Leadership: The Brass Go Begging In Brazil


December 1, 2007: After two decades of good behavior (no taking over the government), Brazils generals and admirals are asking for money to replace aging, and increasingly non-functional, equipment. Although Brazil (the largest and most populous nation in Latin America) has the largest military (290,000 troops), it's weapons and equipment are pathetic. More to the point, most of their stuff is barely operational, if at all. For example, less than half the navy's ships (10 out of 21) are operational. Nearly 90 percent of air force planes are 15 or more years old. Low pay makes it difficult for the air force to retain technicians and aircraft maintainers.

But what is most likely to get the military more money is a growing concern, among civilians and the troops, that some of the neighbors are of a mind to rearrange some national borders, especially where it concerns the Amazon river basin (which is shared with Peru, Colombia and Venezuela). Brazilian officers see Venezuela starting an arms race, and feel they are one of the targets for all these new weapons.

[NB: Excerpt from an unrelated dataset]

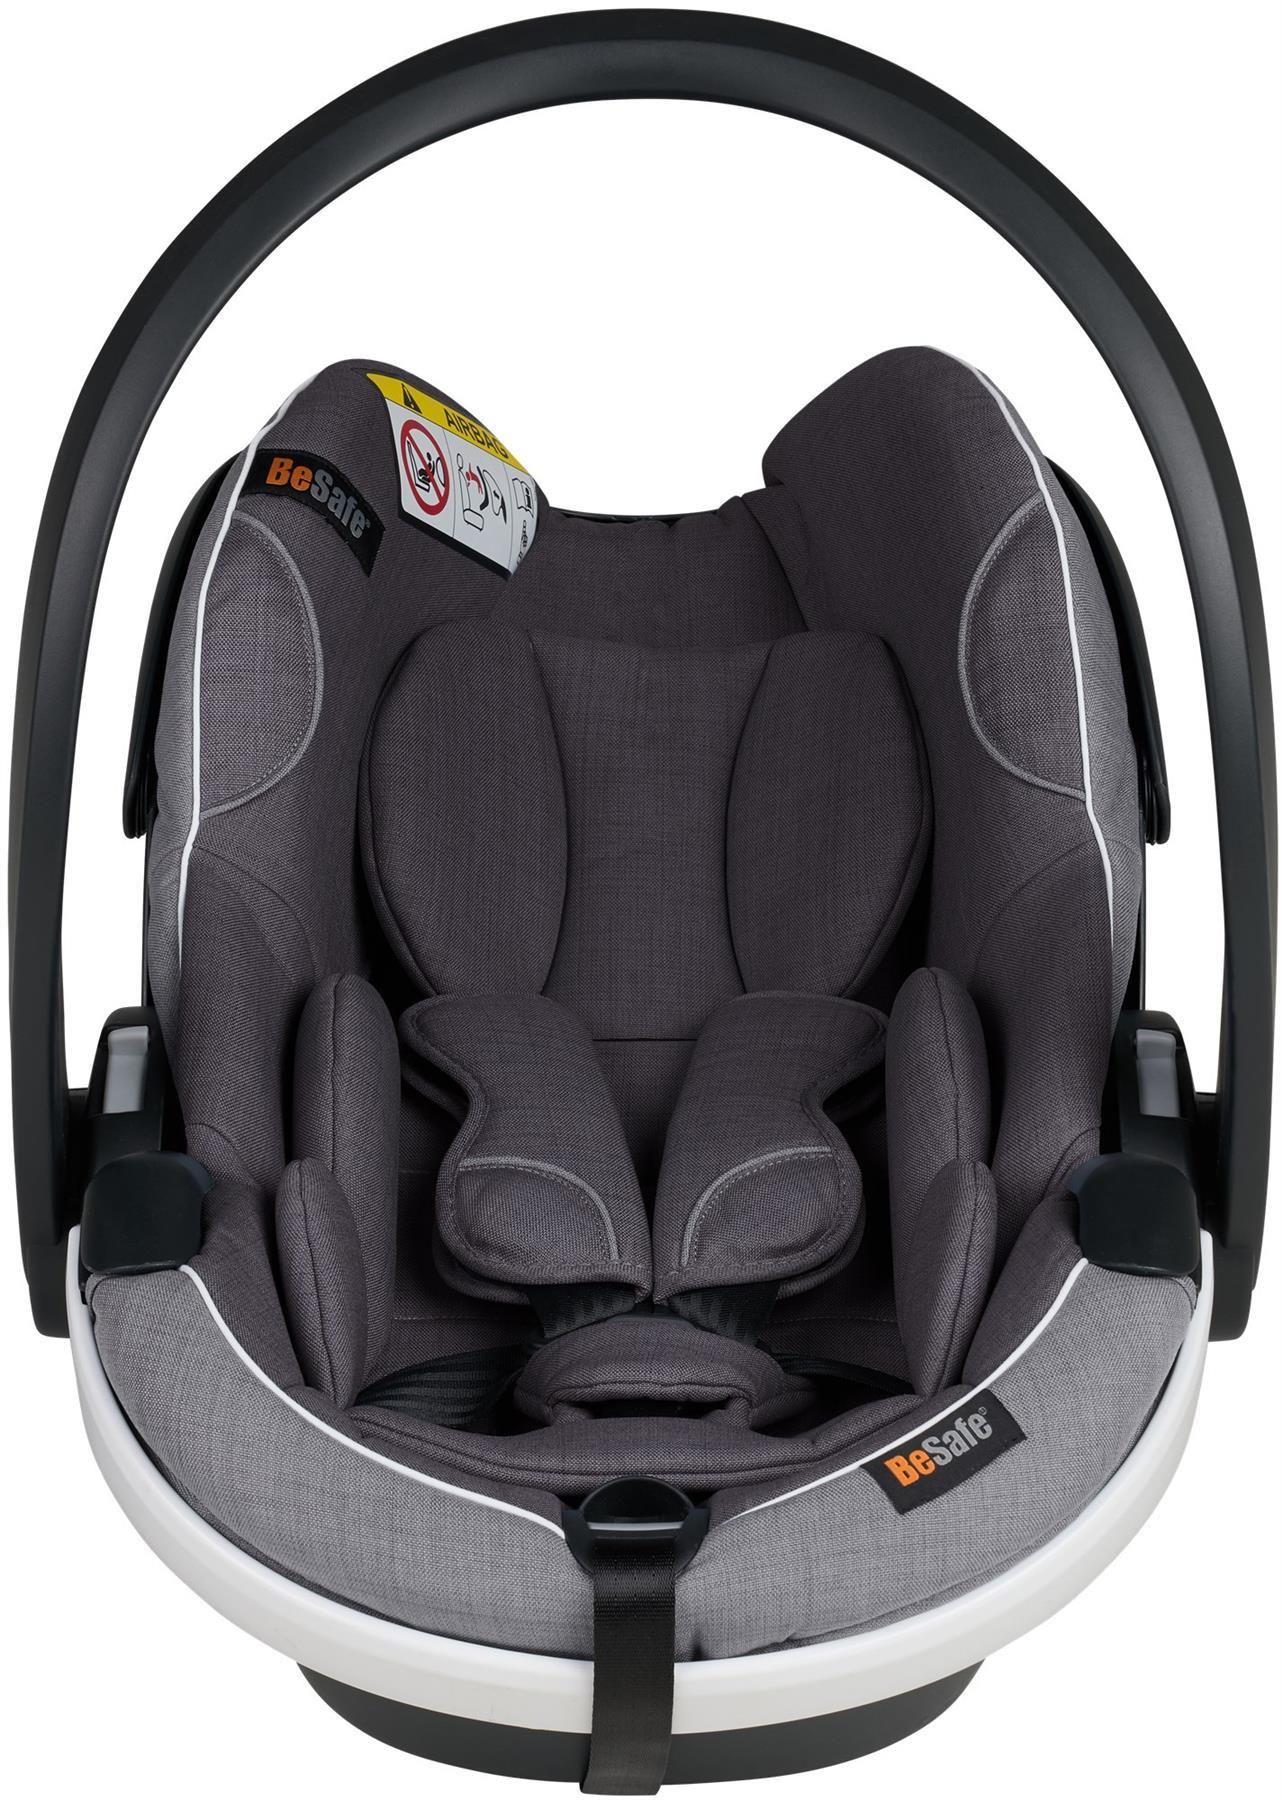 Besafe Izi Go Modular X1 I Size Metallic Melange In 2020 Pushchair Travel System Baby Seat Baby Thermometer

Brazil has not got a lot of oil, although recently discovered deposits might yield a trillion dollars worth of oil and gas. But that new stuff won't start generating a lot of cash for a decade, and right now, the military would like some new rifles, trucks and machine-guns. Defending the Amazon would require a lot of aircraft, helicopters and small patrol boats. Most worrisome to the Brazilian Air Force is Venezuela buying top line jet fighter (Russian Su-30s). Brazil has nothing to match two dozen of these jets. A handful of 1980s vintage Mirages, and dozens of 1970s era F-5s would get chewed up pretty fast by these modern Russian fighters.

Then again, it makes no sense to attack the largest country in South America. Those who have tried it in the past, have regretted it. But Venezuela is currently run by a guy with a big wallet, big plans and a big mouth. That's what usually precedes a pointless military adventure. Brazil has to be ready, but is unsure how much "ready" it can afford.